The question is whether volume sales from distributed generation equipment can ultimately outgun bigger, rarer grid-scale deals.

3. What the Alstom deal means for energy storage

Every now and then a news item comes along with the potential to shake up an industry.

The prospect of GE taking over the Alstom energy business looked like it might fall into that category, although our analysis was that the effect on the energy storage market would actually be relatively minor.

“Alstom, GE and Siemens are all involved in energy storage but only GE has made a tangible impact to date, via its division GE Energy Storage,” Bloomberg New Energy Finance associate Logan Goldie-Scot told Energy Storage Report.

“It is primarily a battery manufacturer whose main product, the Durathon battery, is an energy-oriented battery. It does, however, provide solutions spanning the entire storage value chain.”

We noted that GE has been eager to deploy Durathon-based battery storage in a variety of settings, starting with transportation and more recently including applications ranging from wind power to mobile base stations.

In contrast, Alstom had been slow to capitalise on the battery storage market. In 2015 we’ll be keeping a close eye on these and other market leaders.

4. Redox flow batteries for cheap grid-scale energy storage

Mike Stone’s review of redox flow batteries went down a storm with readers, perhaps indicating a thirst for information about reliable grid-scale energy storage that does not involve huge civil engineering projects.

We pointed out that while battery storage is currently leaning towards lithium-ion technology, potentially encouraged by the prospect of gigafactories springing up all over the US in the next few years, redox flow batteries are making a global impact.

In 2014 the technology was attracting investment and seemed to work, with a number of larger projects currently in operation. Vanadium redox flow is a centrepiece in Bosch’s showcase Braderup energy storage project.

Over the next 12 months we expect to see further progress in the use of redox flow batteries in grid-scale storage. What we are not clear about is whether this will end up being a competitor or a companion to other battery technologies.

5. Why energy storage is a dead-end industry

‘Could energy storage send us back to the Stone Age?’ we asked in October. There was a growing body of evidence that suggests this might indeed be the case.

The studies have nothing to do with energy storage’s main preoccupation at the moment, which is cost.

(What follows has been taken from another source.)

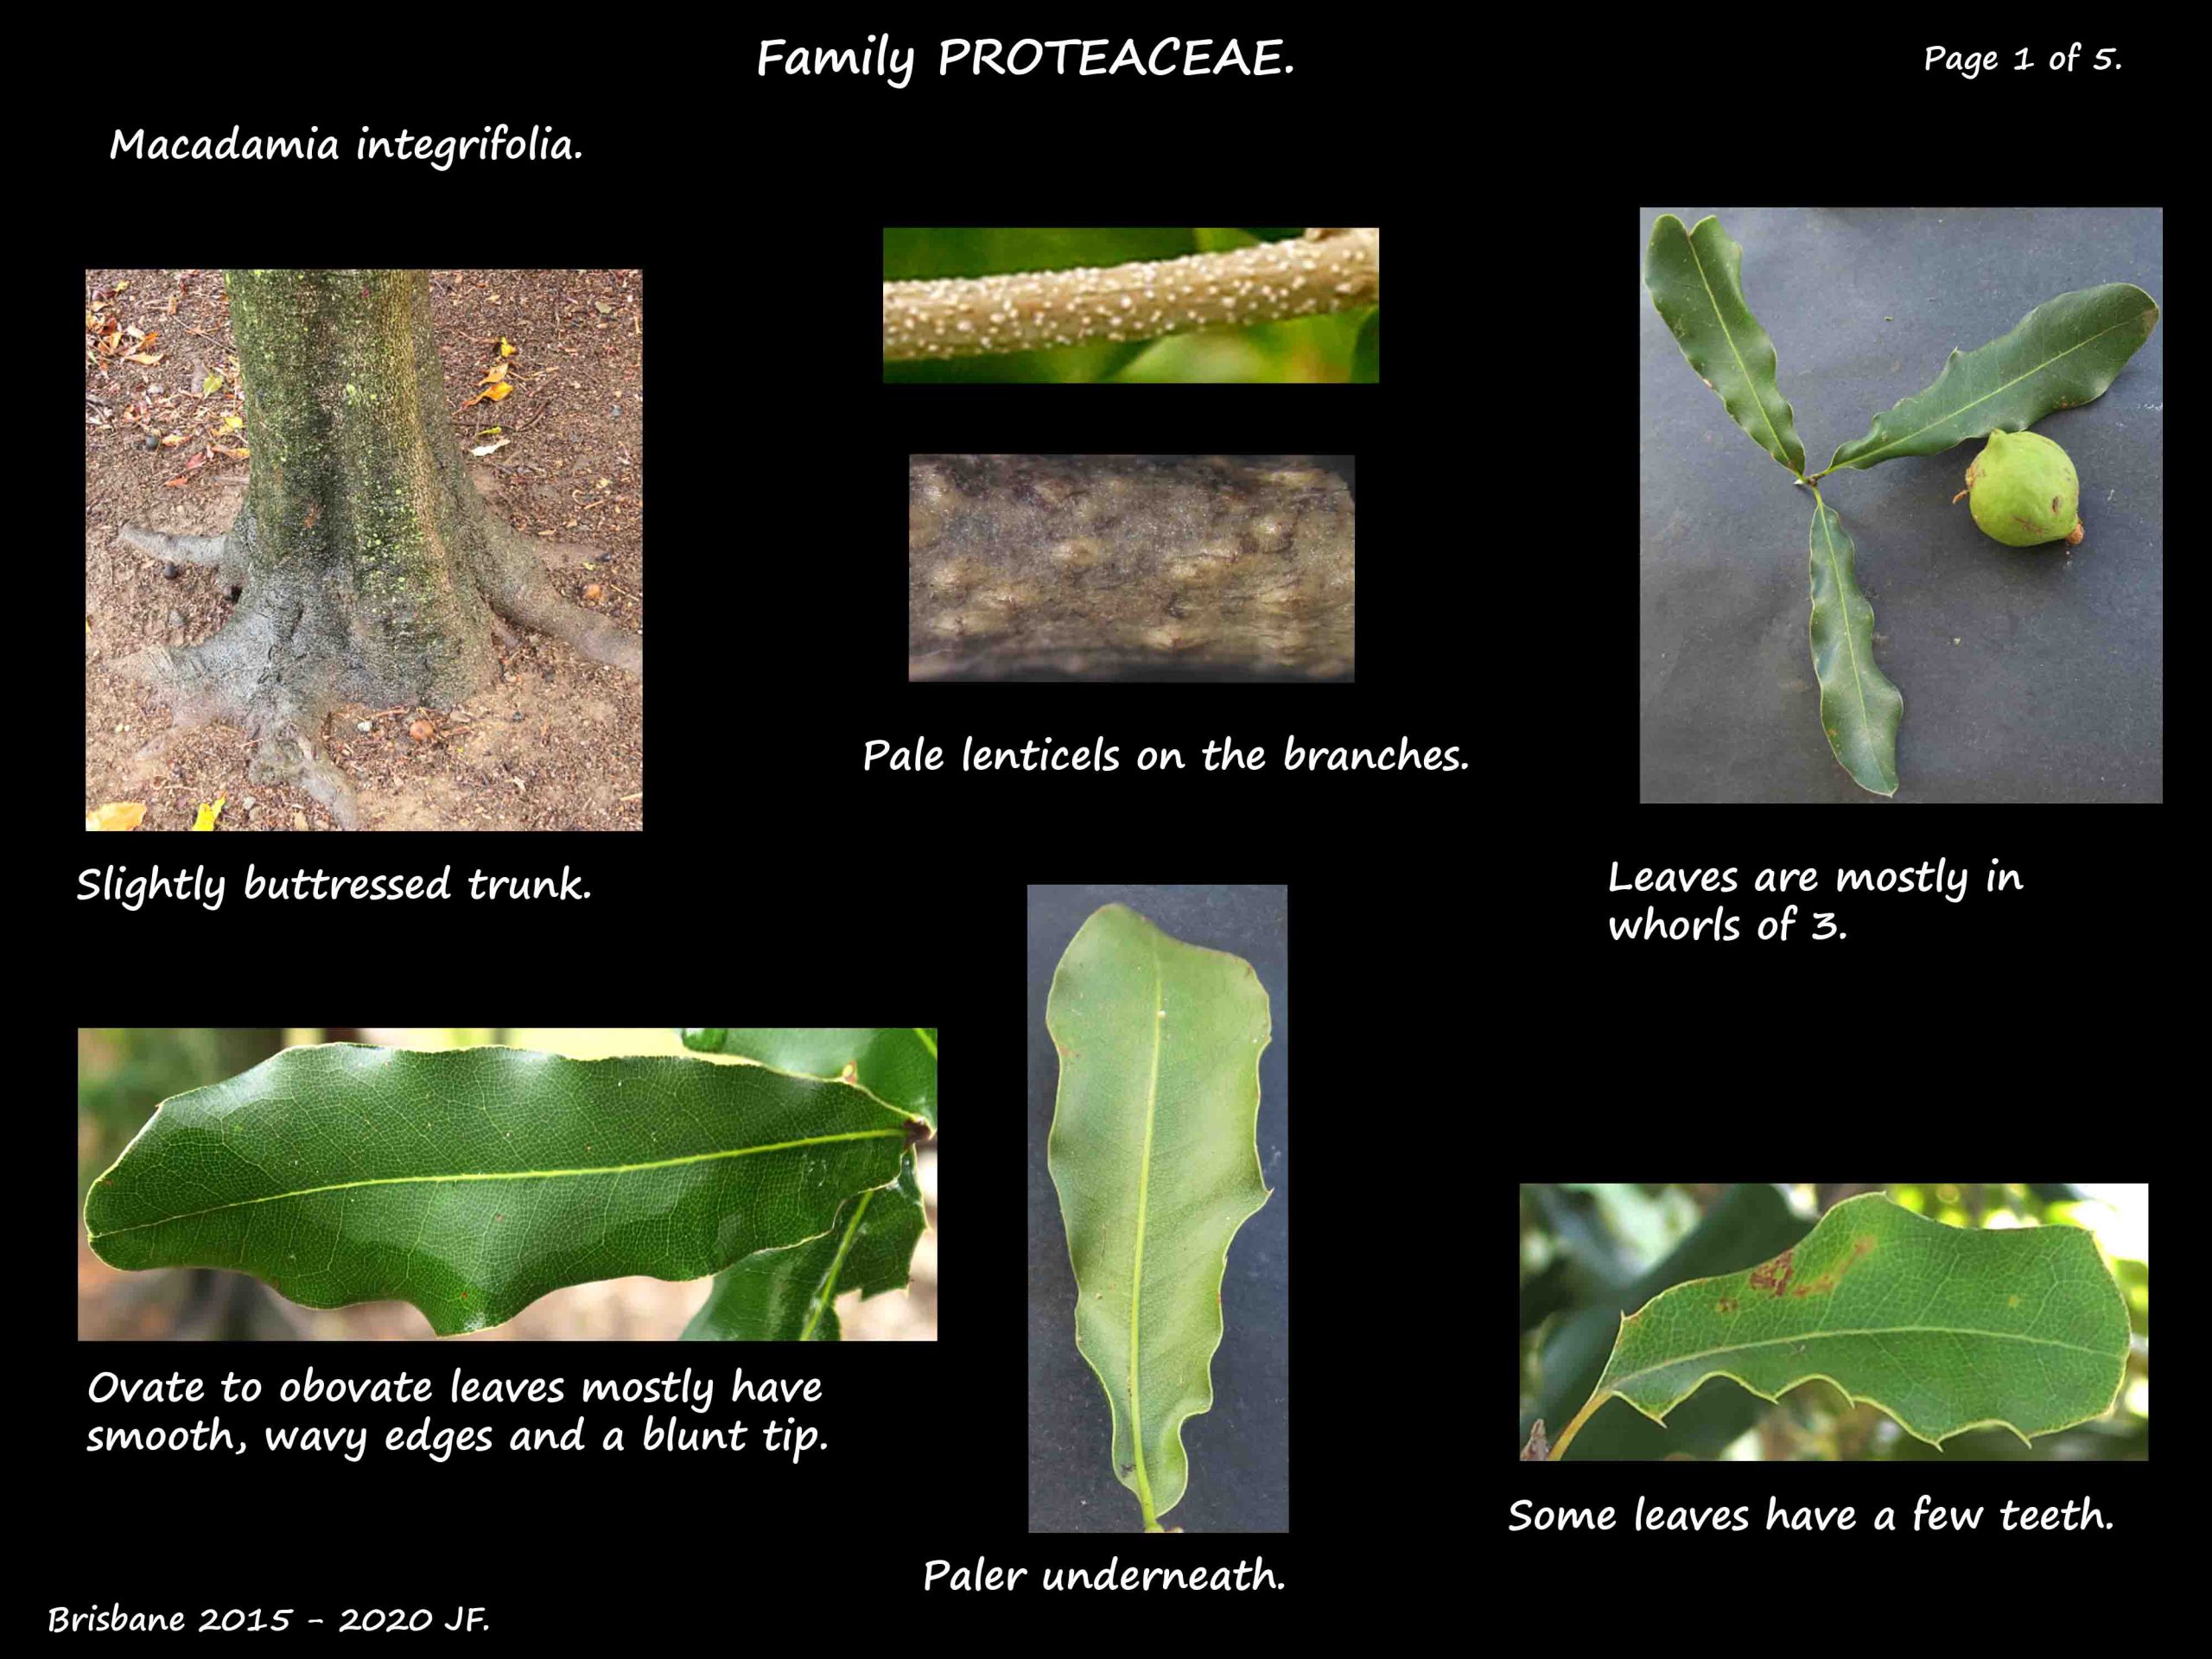 1 Macadamia integrifolia trunk & leaves

Instead, they deal with a much more fundamental issue: how much energy it takes to be able to store the energy in the first place.

The concept of energy return on investment (EROI, also called energy returned on energy invested) is critical to energy storage because it provides a measure of whether a particular technology might be appropriate for use at scale.

In essence, if it takes more energy to create a given storage mechanism than the mechanism could ever deliver over the course of its life, then the net result of using the technology is that it will cannibalise power rather than return it to the system.

We thought the topic was important enough to warrant a two-part investigation. Thankfully our conclusion dispelled our original concerns, but we will be keeping an eye on this topic in the months to come.